Ma voiture, quelques vêtements, de l’eau, la route, et des pommes. C’est ça, la liberté.
 
****
 
La Cité des Anges… cette ville porte bien son nom. Elle attire autant les pigeons que les vautours, venus se nourrir du cadavre de ceux qui s’y brûlent les ailes. Des anges déchus, comme moi.
Même si j’y ai perdu mon auréole, je mets un point d’honneur à y revenir, que je me trouve à l’autre bout du pays ou au Mexique pour le business. La baie, son air marin, son soleil qui me réchauffe le visage et ce qu’il reste de mon cœur, me raccrochent à la vie. J’y retrouve ma crique à moi, découverte à mes douze ans en errant dans la ville après une énième engueulade avec Manuel.
Après avoir roulé la nuit entière, garé la Dodge et descendu le chemin escarpé qui l’abrite des indiscrets, je me pose sur le sable, les yeux plongés dans les mouvements bruts de la houle. Avec le sentiment d’être à un carrefour de ma vie. J’ai battu les cartes, il est temps de jouer ma partie.
Mon téléphone se met à sonner, je consulte l’écran pour voir qui trouble à l’aube ma séance de méditation perso.
Fait chier.
Je décroche.
— Oui, Guadalupe ?
— Toto, je vais te tirer les oreilles ! Les plantes !
— Quoi les plantes ? m’agacé-je.
— Je m’absente une semaine et tu as été incapable d’accomplir la seule mission que je t’avais donnée ! Arroser mes plantes ! Elles sont dans un état ! Madre de Dios , mais qu’est-ce que l’on va faire de toi !
— Arrête de m’appeler Toto. Je me suis absenté quelques jours, j’étais chez… des copines. J’avais demandé à Selena de le faire.

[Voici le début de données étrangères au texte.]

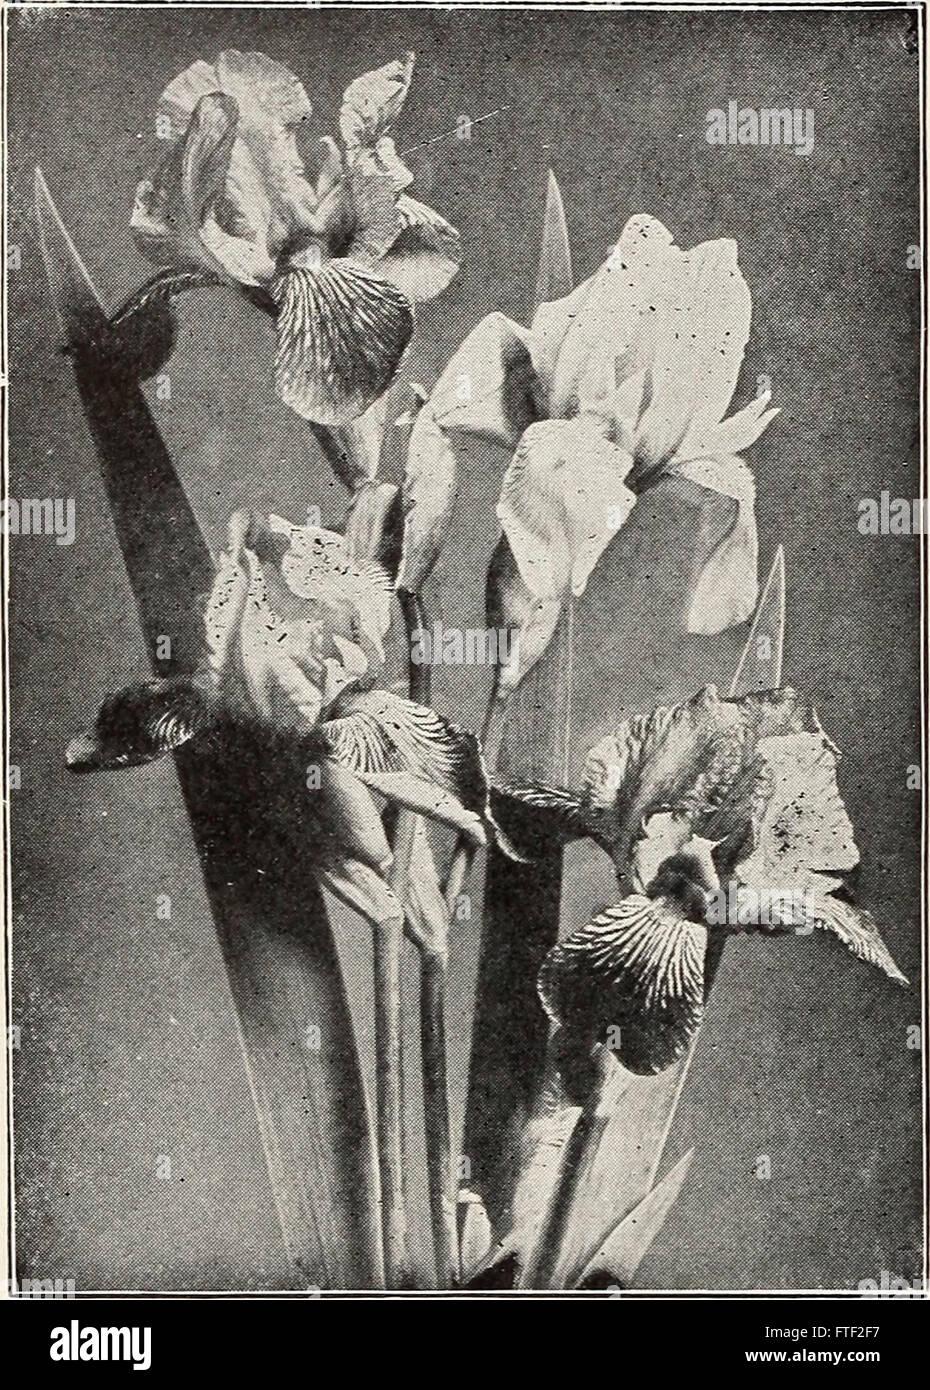 Katalog Von Beeren Pflanzen Und Weinreben Pfingstrosen, Phlox Und Andere  Stauden Pflanzen, Immergrüne Bäume, Sträuche, Reben, Heckenpflanzen, ...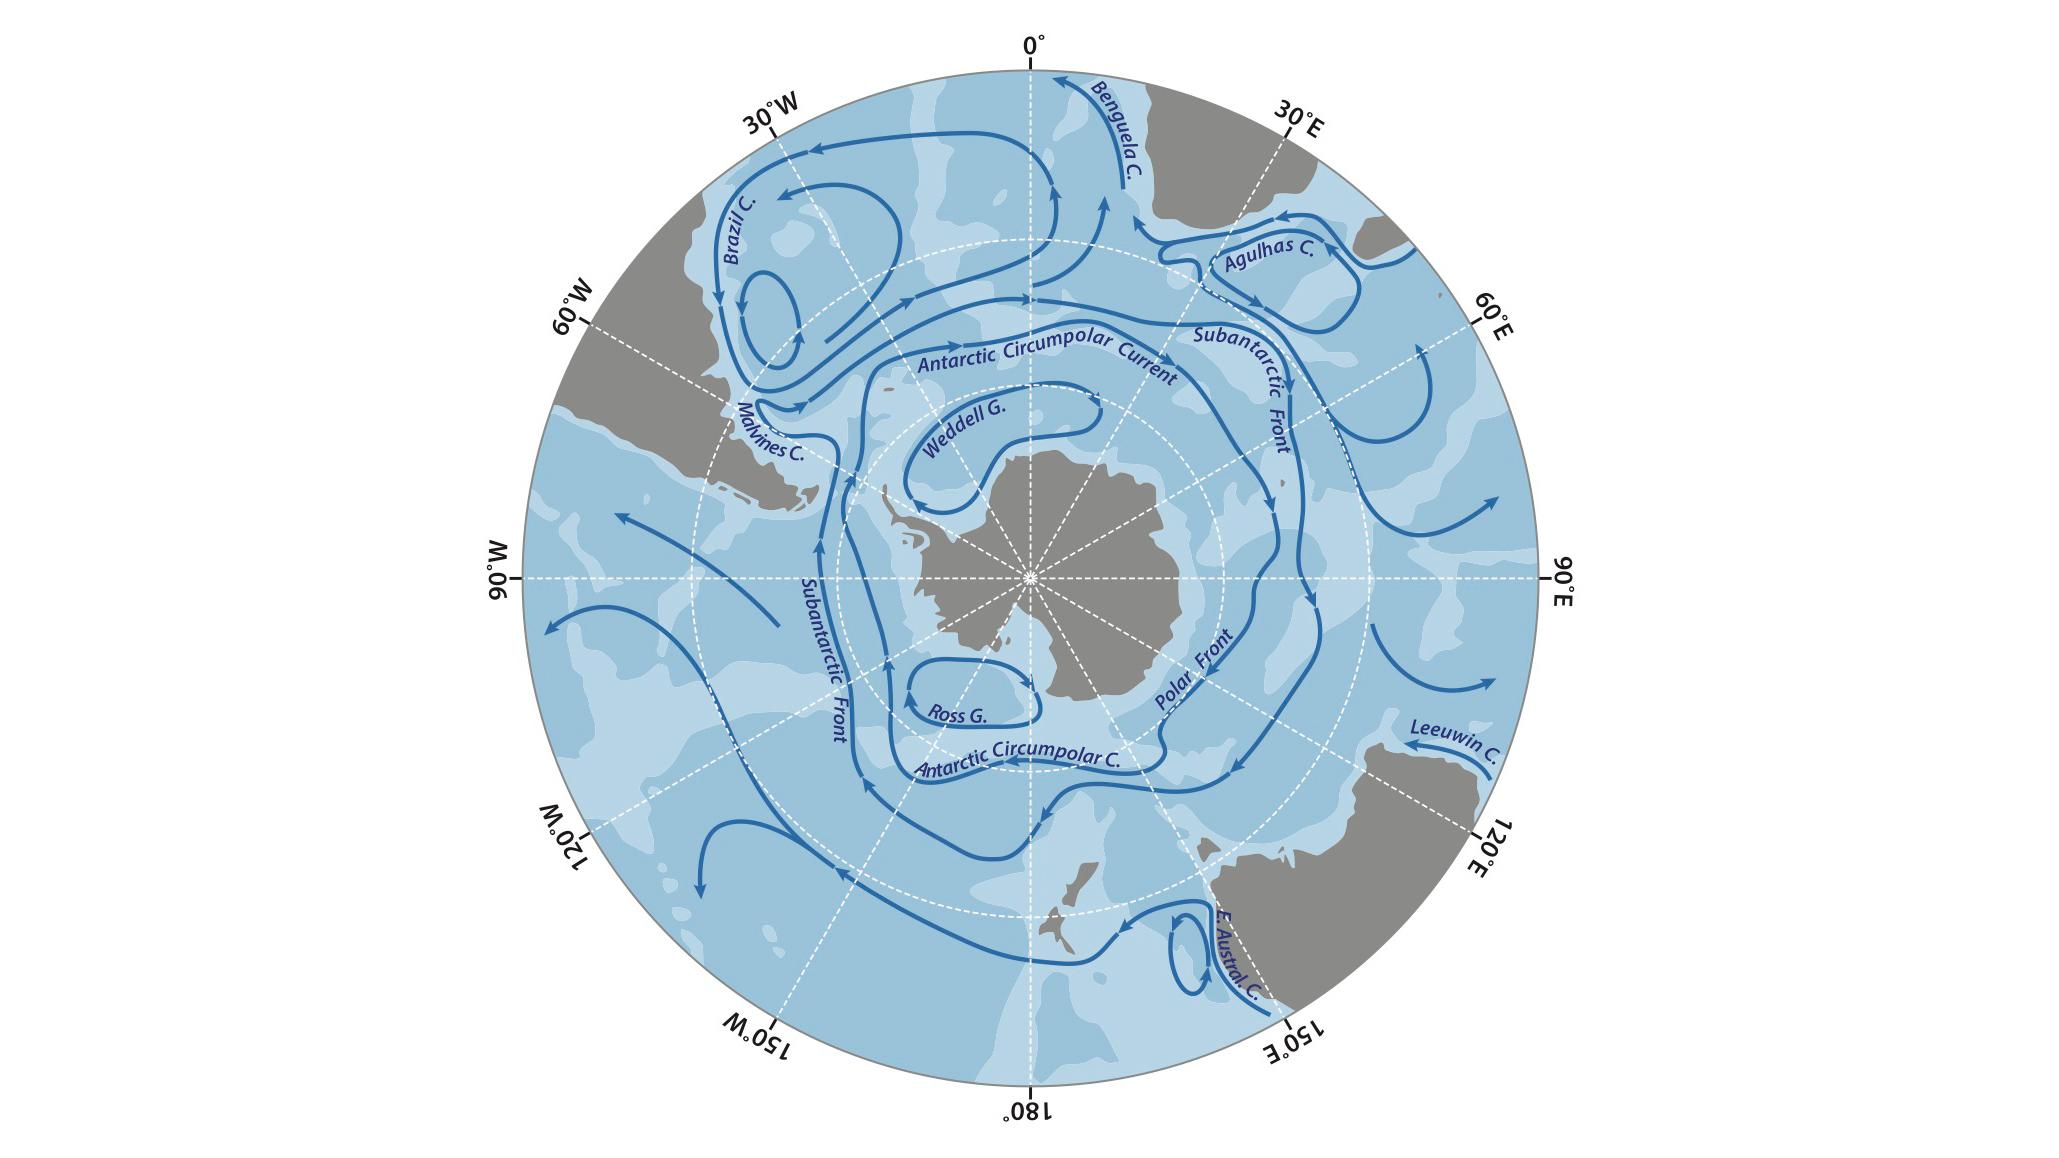 Le courant circumpolaire antarctique (ACC), qui se déplace d'ouest en est, définit les limites de l'océan Austral.

— Tu sais très bien que Selena a un petit pois dans la tête, et puis elle n’a que seize ans ! Et toi, tu te comportes comme si tu avais son âge ! Grandis un peu, Antonio ! Et c’est quoi encore ces copines ? Tu gâches ta vie dans des futilités ! Prends exemple sur ton frère un peu, il a une bonne situation, un appartement, une existence stable et même une fiancée !
— Eduardo va se fiancer ? me moqué-je.
Ça promet de longues soirées pots de glace et mouchoirs au domicile Marquez.
— Oui, mais chut, tu ne dis rien ! Je l’ai aidé à choisir la bague, il va la récupérer samedi ! À ce propos, tu as intérêt à ramener tes fesses ce soir-là, toute la famille doit être présente pour l’occasion !
Il ne manquait plus que ça. Me coltiner une soirée guimauve à la con, tout ça parce que le frangin est assez stupide pour se laisser passer la corde au cou.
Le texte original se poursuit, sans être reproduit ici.